Dataset records:
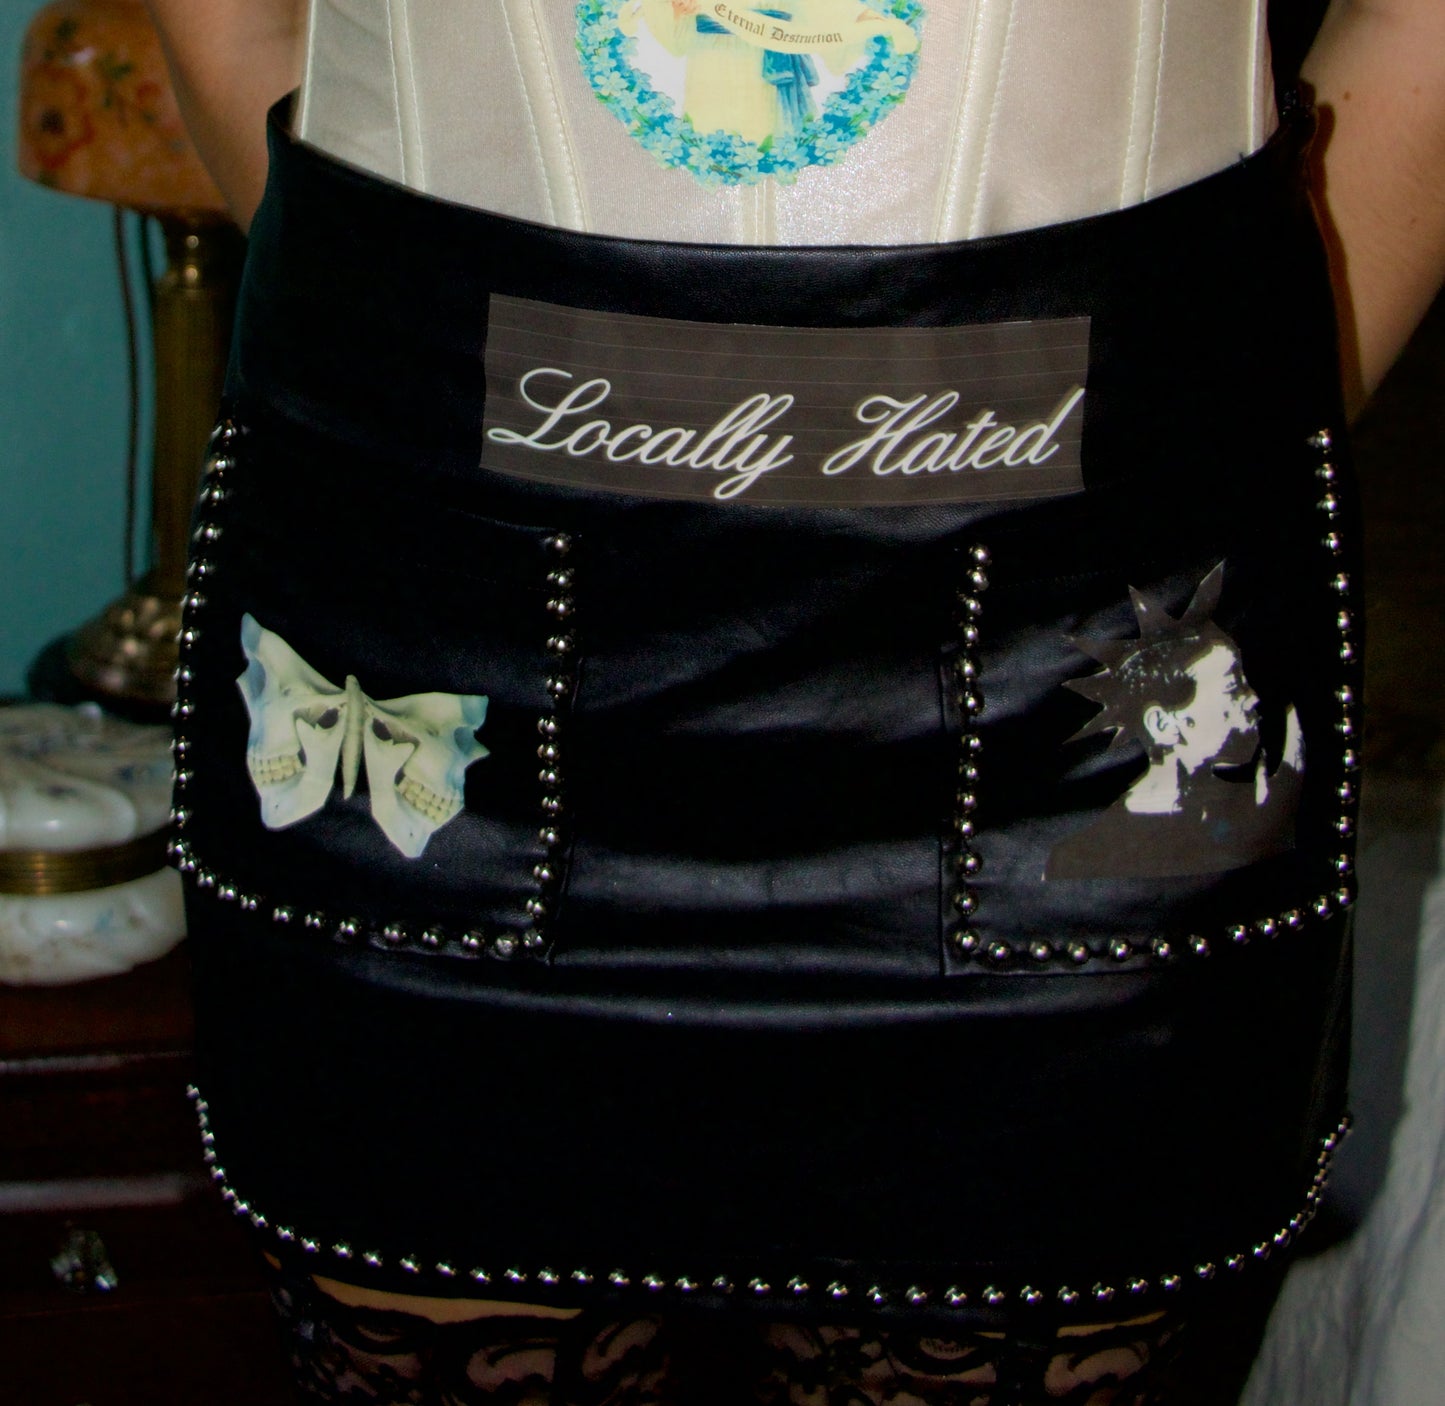 Locally hated studded leather skirt
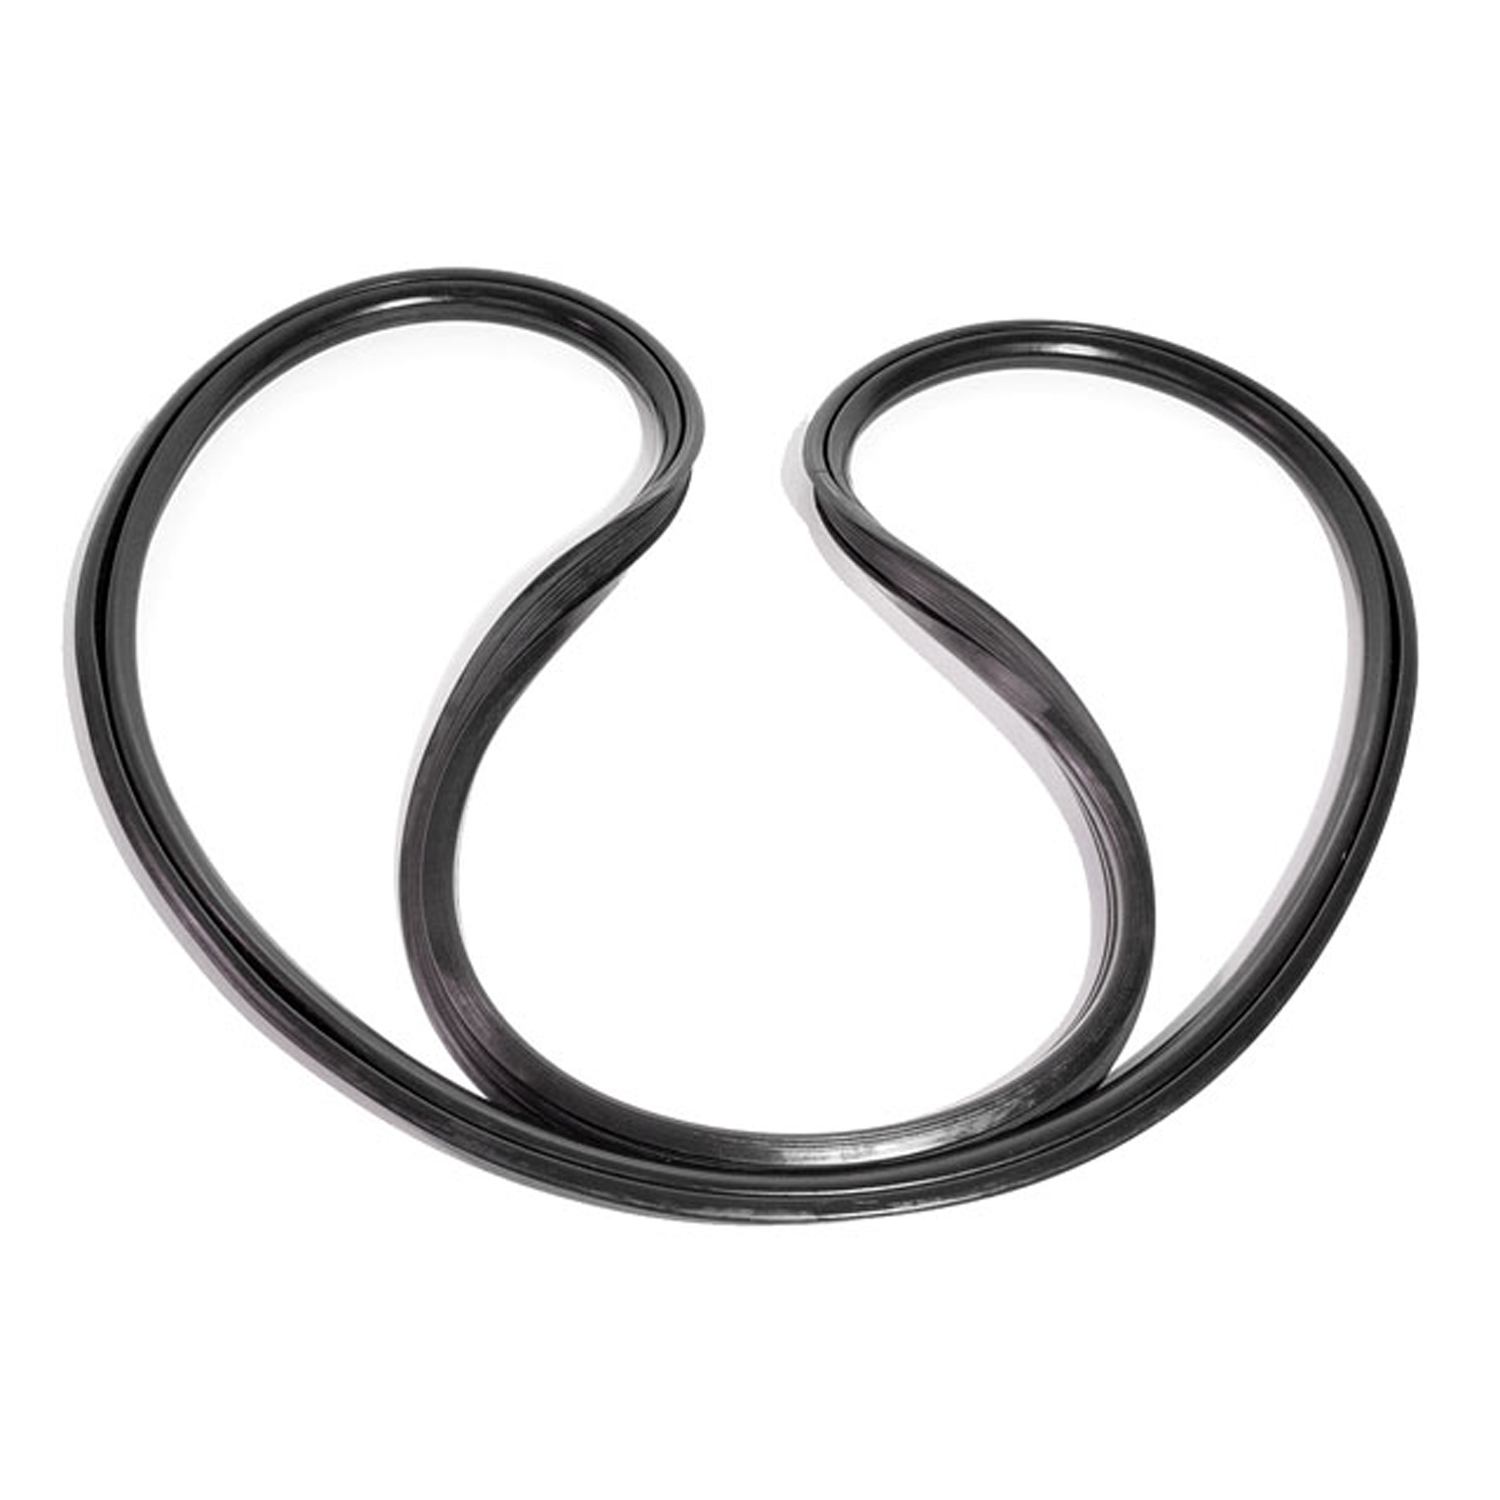 1952 Oldsmobile Deluxe 88 Vulcanized Windshield Seal.  For hardtops and convertibles-VWS 7300
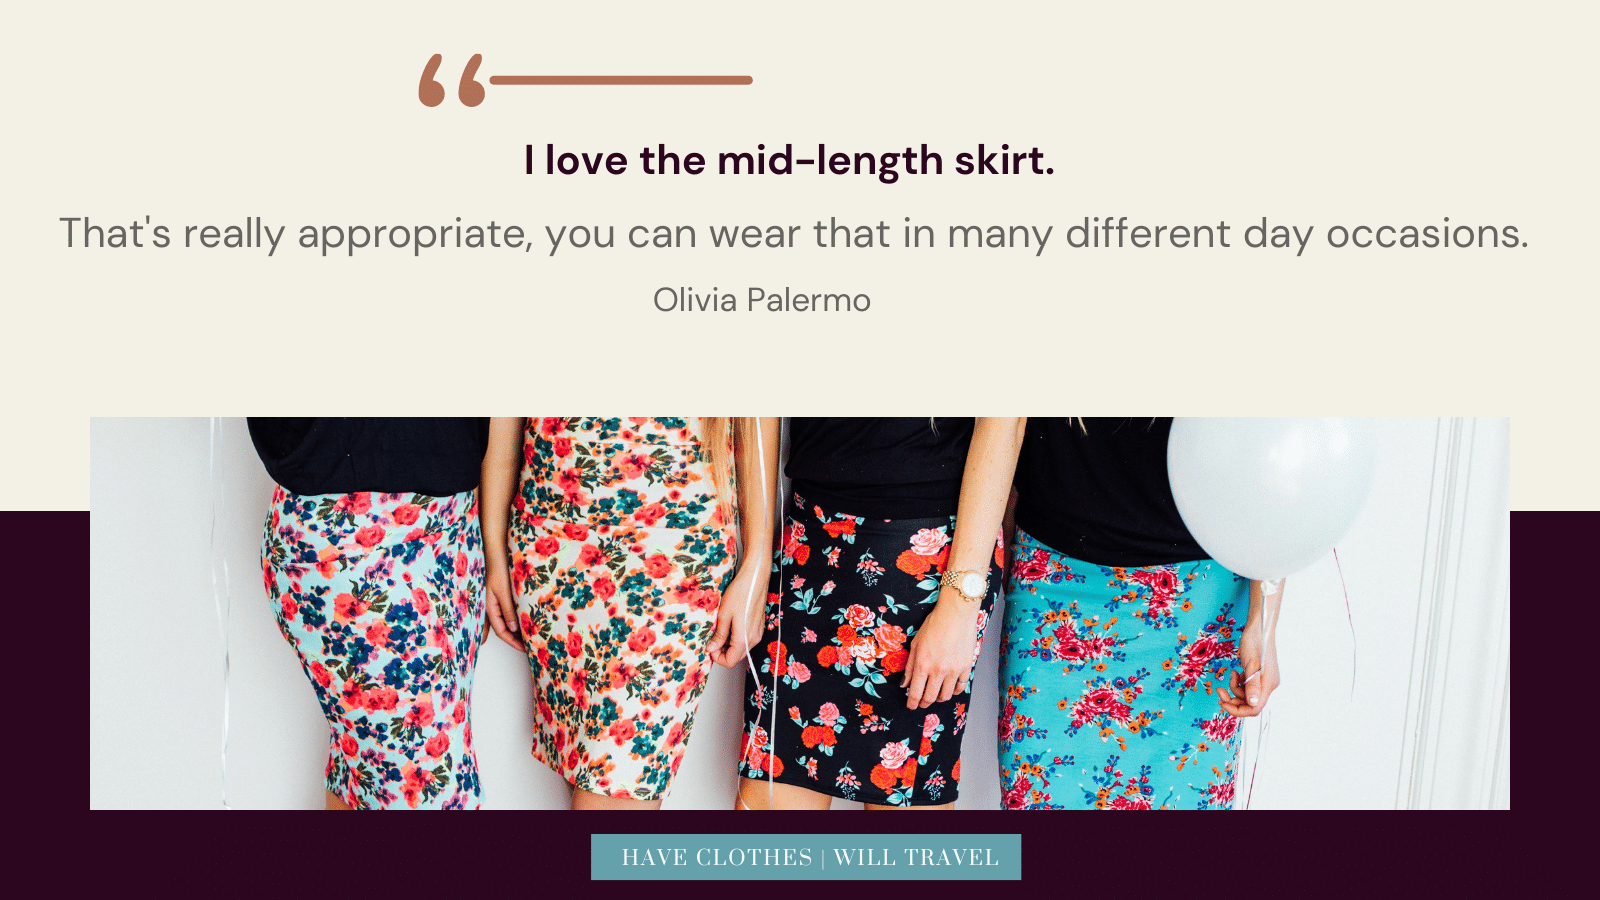 14. I love the mid-length skirt. That's really appropriate, you can wear that in many different day occasions. — Olivia Palermo
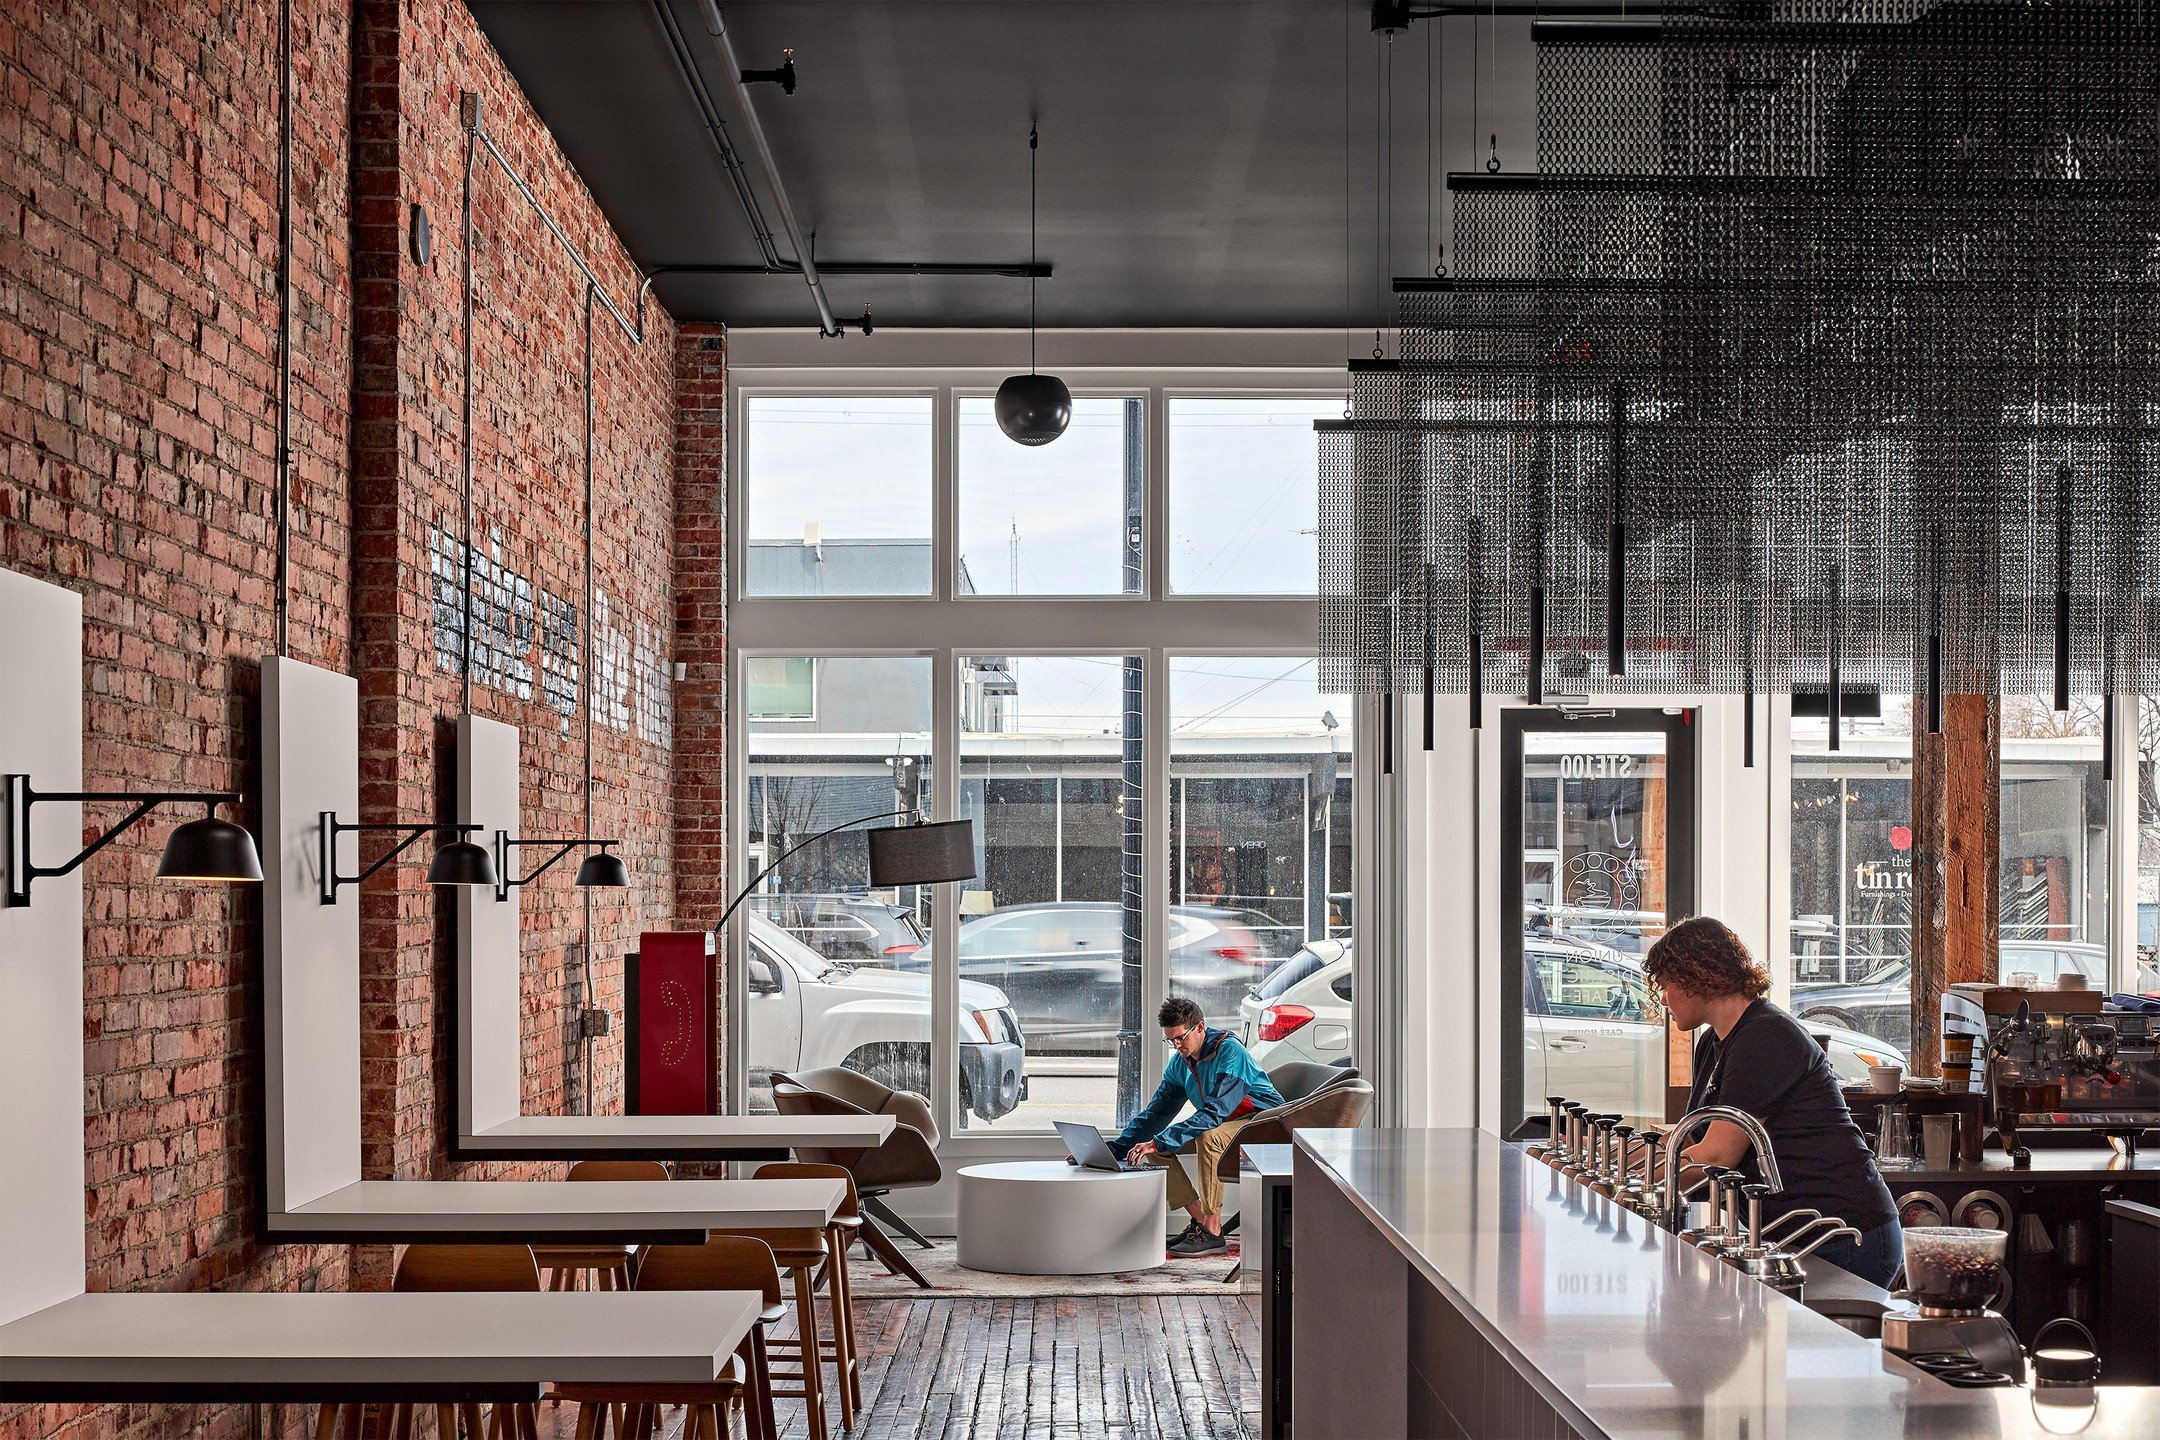 @wakeupcallcoffee cafe and roaster in the Sprague Union District, by Trek.

The project utilized an existing shell, and we carefully carved, pushed and pulled to create various experiences within. 

Architecture / Interiors: @trekarch 
Contractor: @y

* [Your task]:
Copy each line above exactly. Images do not belong in the copy.

* [Solved exercise]:
 Locally hated studded leather skirt
 1952 Oldsmobile Deluxe 88 Vulcanized Windshield Seal.  For hardtops and convertibles-VWS 7300
 14. I love the mid-length skirt. That's really appropriate, you can wear that in many different day occasions. — Olivia Palermo
 @wakeupcallcoffee cafe and roaster in the Sprague Union District, by Trek.

The project utilized an existing shell, and we carefully carved, pushed and pulled to create various experiences within. 

Architecture / Interiors: @trekarch 
Contractor: @y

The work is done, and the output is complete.